Materials and methods
Human umbilical vein endothelial cells (HUVEC) were cultured at 37°C in a humidified incubator with 5% CO2 and maintained in RPMI-1640 culture medium supplemented with 10% fetal bovine serum. When grown to 90% confluence, cells were trypsinized, harvested, resuspended and seeded to a 0.1% gelatin-coated glass. After adherence, monolayer cells grown on the glass were imposed with LSS for different time lengths.
A parallel-plate flow chamber that exerts continuous flow was made by sandwiching a silicon gasket between two stainless steel plates with a cover slip sink in the base plate. The chamber and all parts of the circuit tubes were sterilize before the placement of a glass (50 mm × 30 mm) with monolayer cells into the flow chamber. The parameter settings were as follows: flow chamber height, 0.56 mm and pump rate, 60 times/min. The value of shear stress was adjusted by modulating the flow of after-loading and was automatically calculated using information from the pressure transducers.

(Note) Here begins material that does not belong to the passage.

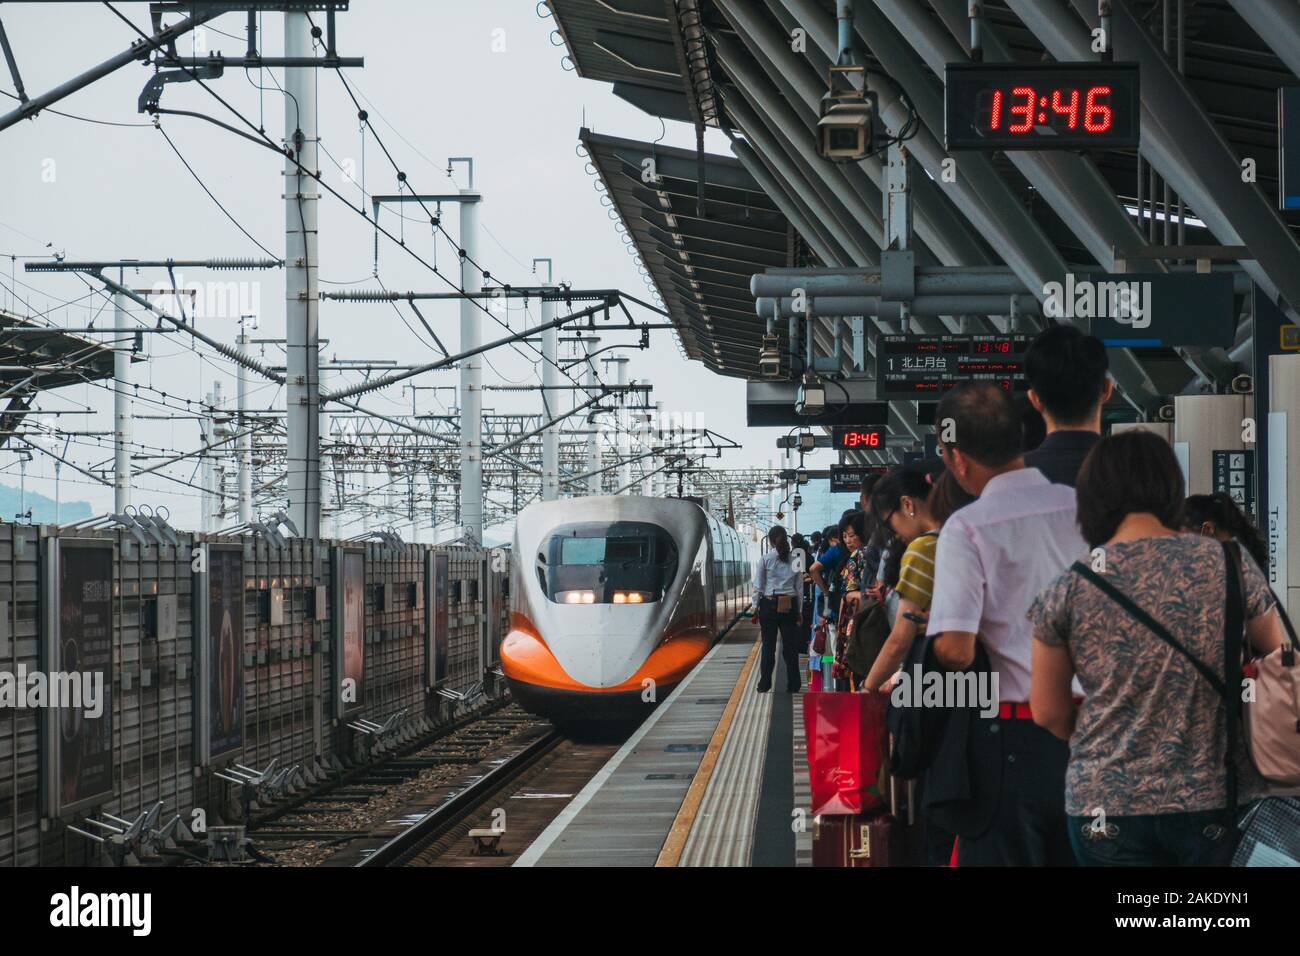 Passengers wait on the platform as a Taiwan High Speed Rail bullet train arrives at Tainan HSR station, Taiwan Stock Photo
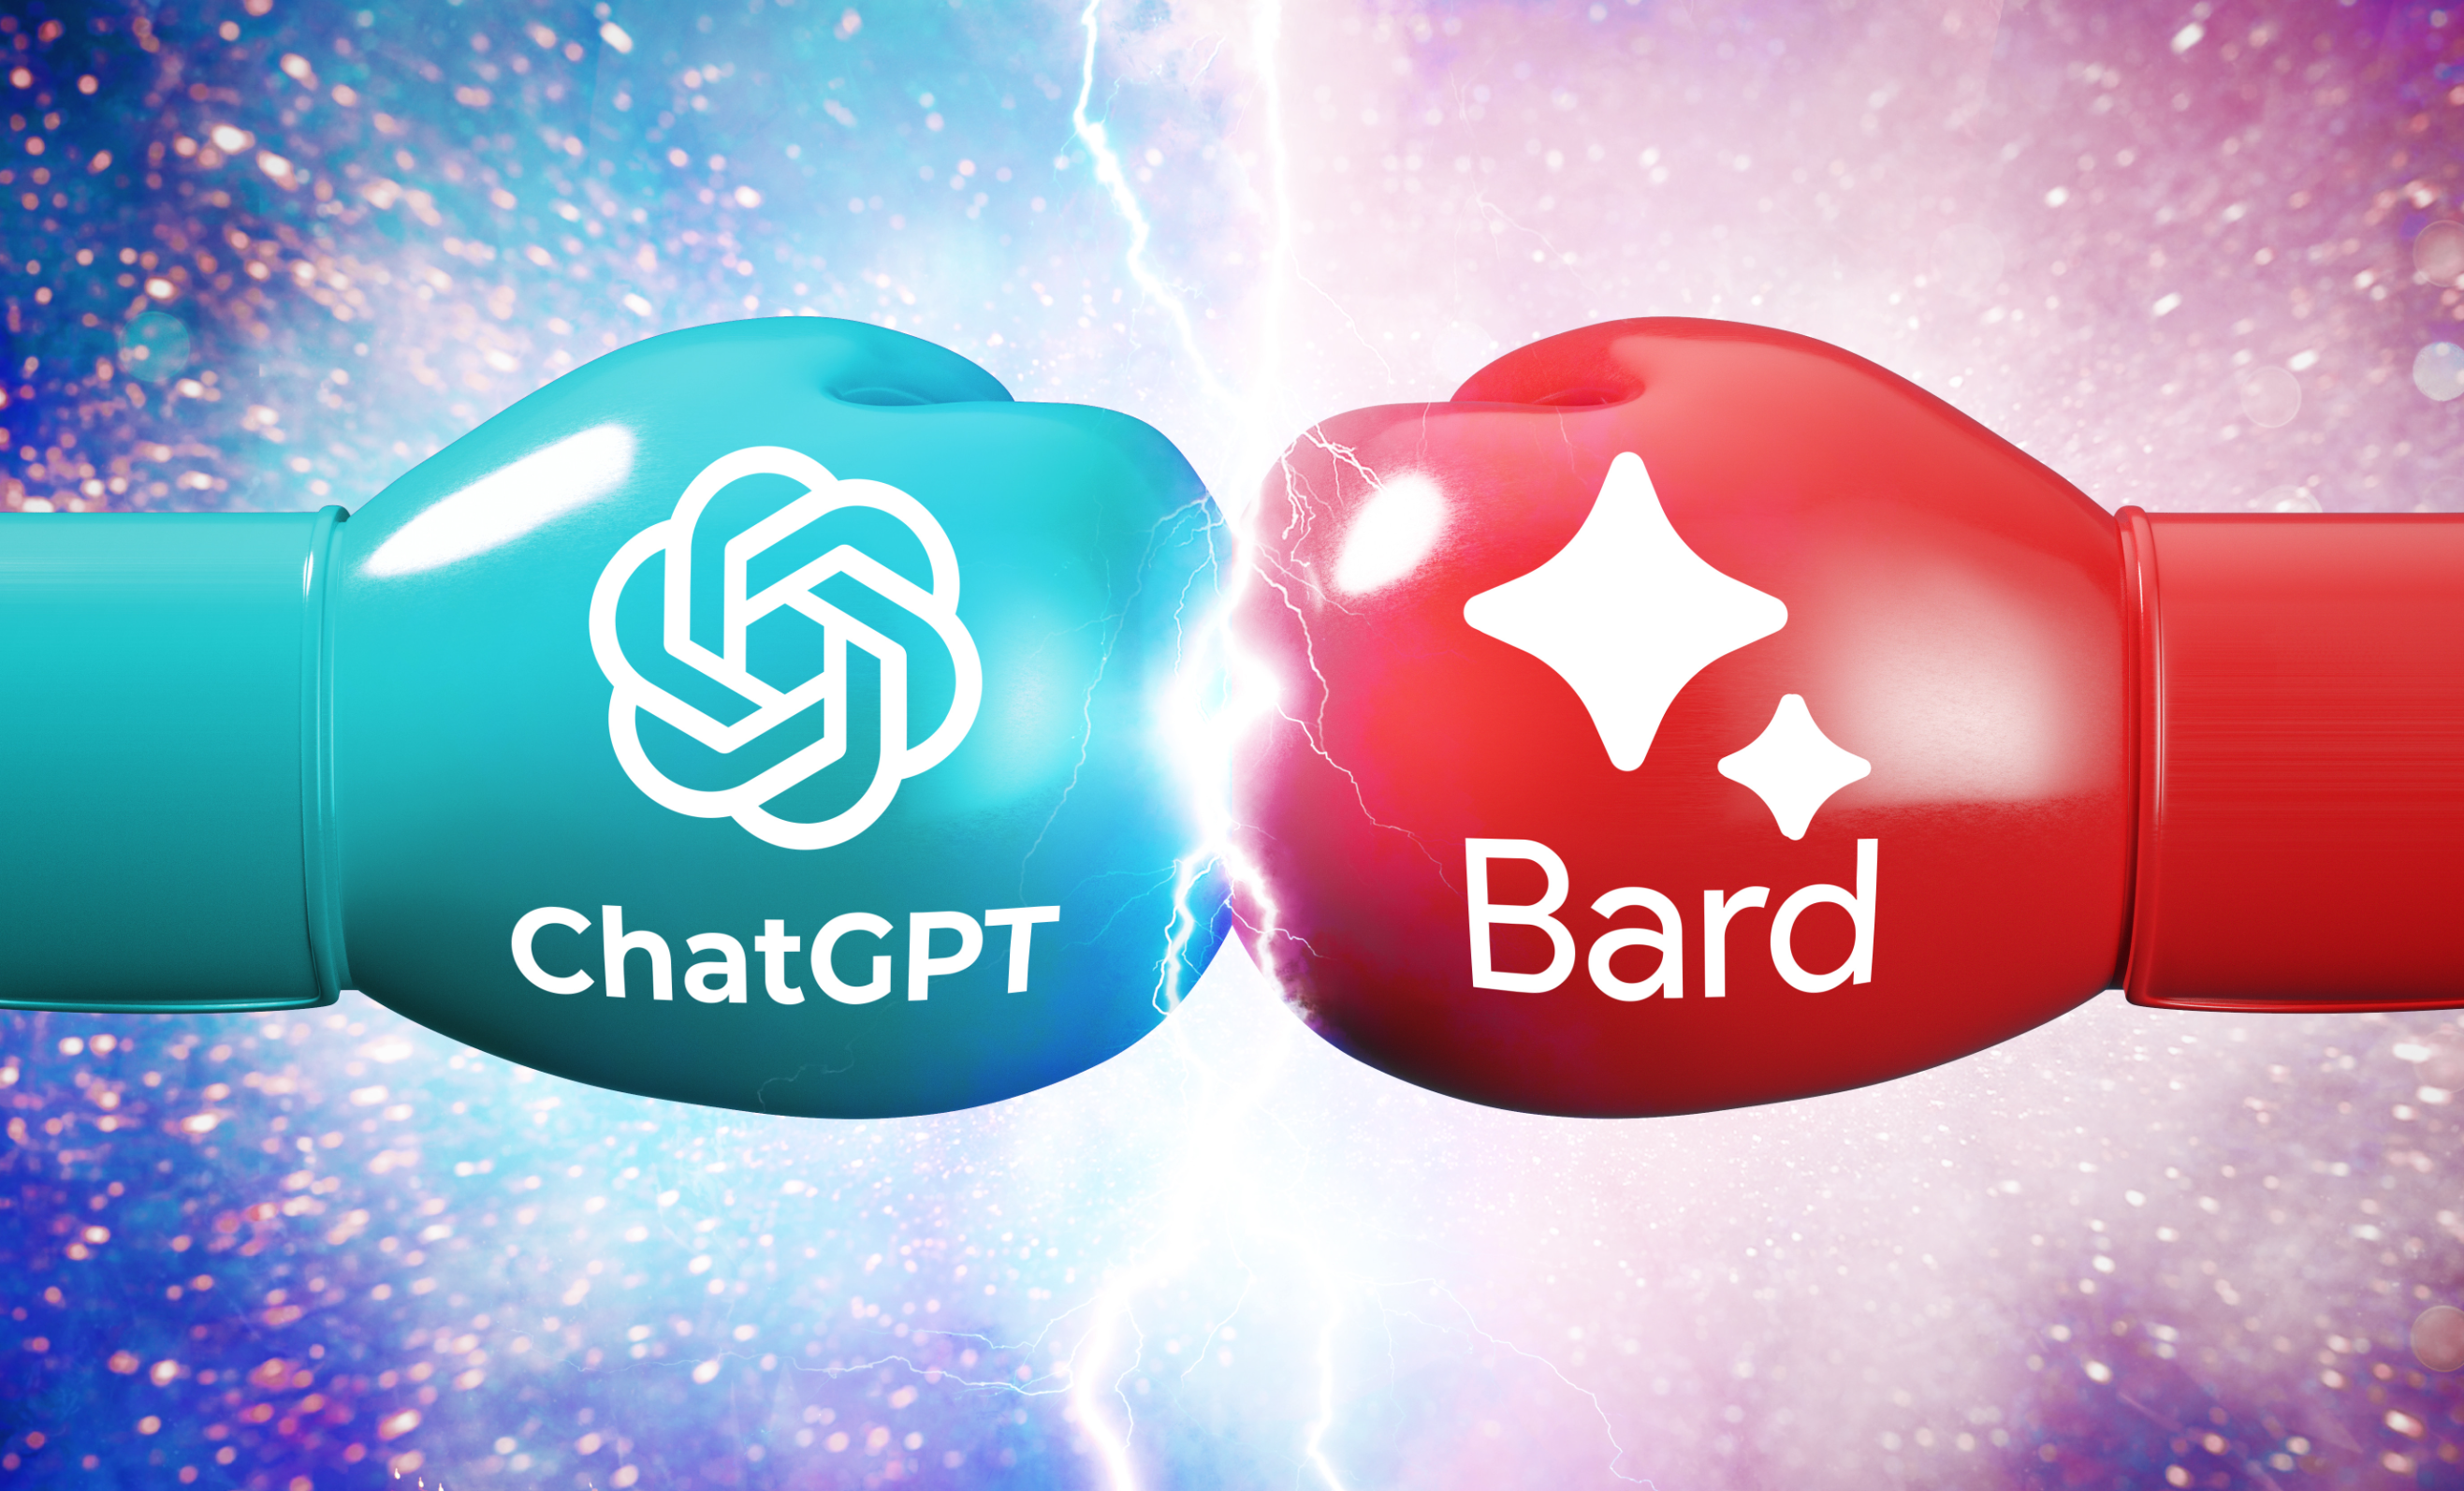 Is Google Bard better than ChatGPT

The shear stress in our flow study was 2 dynes/cm2 (for 120 min., marked by ABCD 120, EFGH 120 and IJKL 120) and the cyclic fluid used was 1640 medium with 2% fetal bovine serum supplied. Cultured HUVECs without shear stress were considered as control group (marked by ABCD 0, EFGH 0 and IJKL 0 in Figure 1).
Figure 1. Differentially expressed lncRNA and mRNA in 3 low shear stress-treated vs. paired non-low shear stress treaed endothelial cells. The scatter plot is a visualization method used to assess the lncRNA (A) and mRNA (B) expression variation between paired two group endothelial cells. The value of X- and Y-axes in the scatter plot are the averaged normalized signal values of the group (log2 scaled). The green lines represent fold-change lines (the default fold-change is 2.0). The box plot is a convenient way to quickly visualize the distribution of a dataset of lncRNA (C) and mRNA (D) profiles. After normalization, the distribution of log2 ratios among nine samples were nearly the same.
Total cellular RNA was isolated from the cells using an RNeasy Mini Kit (Qiagen, Hilden, Germany) in accordance with the manufacturer's protocol, and then quantified using a NanoDrop ND-1000 spectrophotometer (Thermo Fisher Scientific, Waltham, MA). The RNA integrity of each sample was assessed using standard denaturing agarose gel electrophoresis after RNA extraction and prior to sample labeling.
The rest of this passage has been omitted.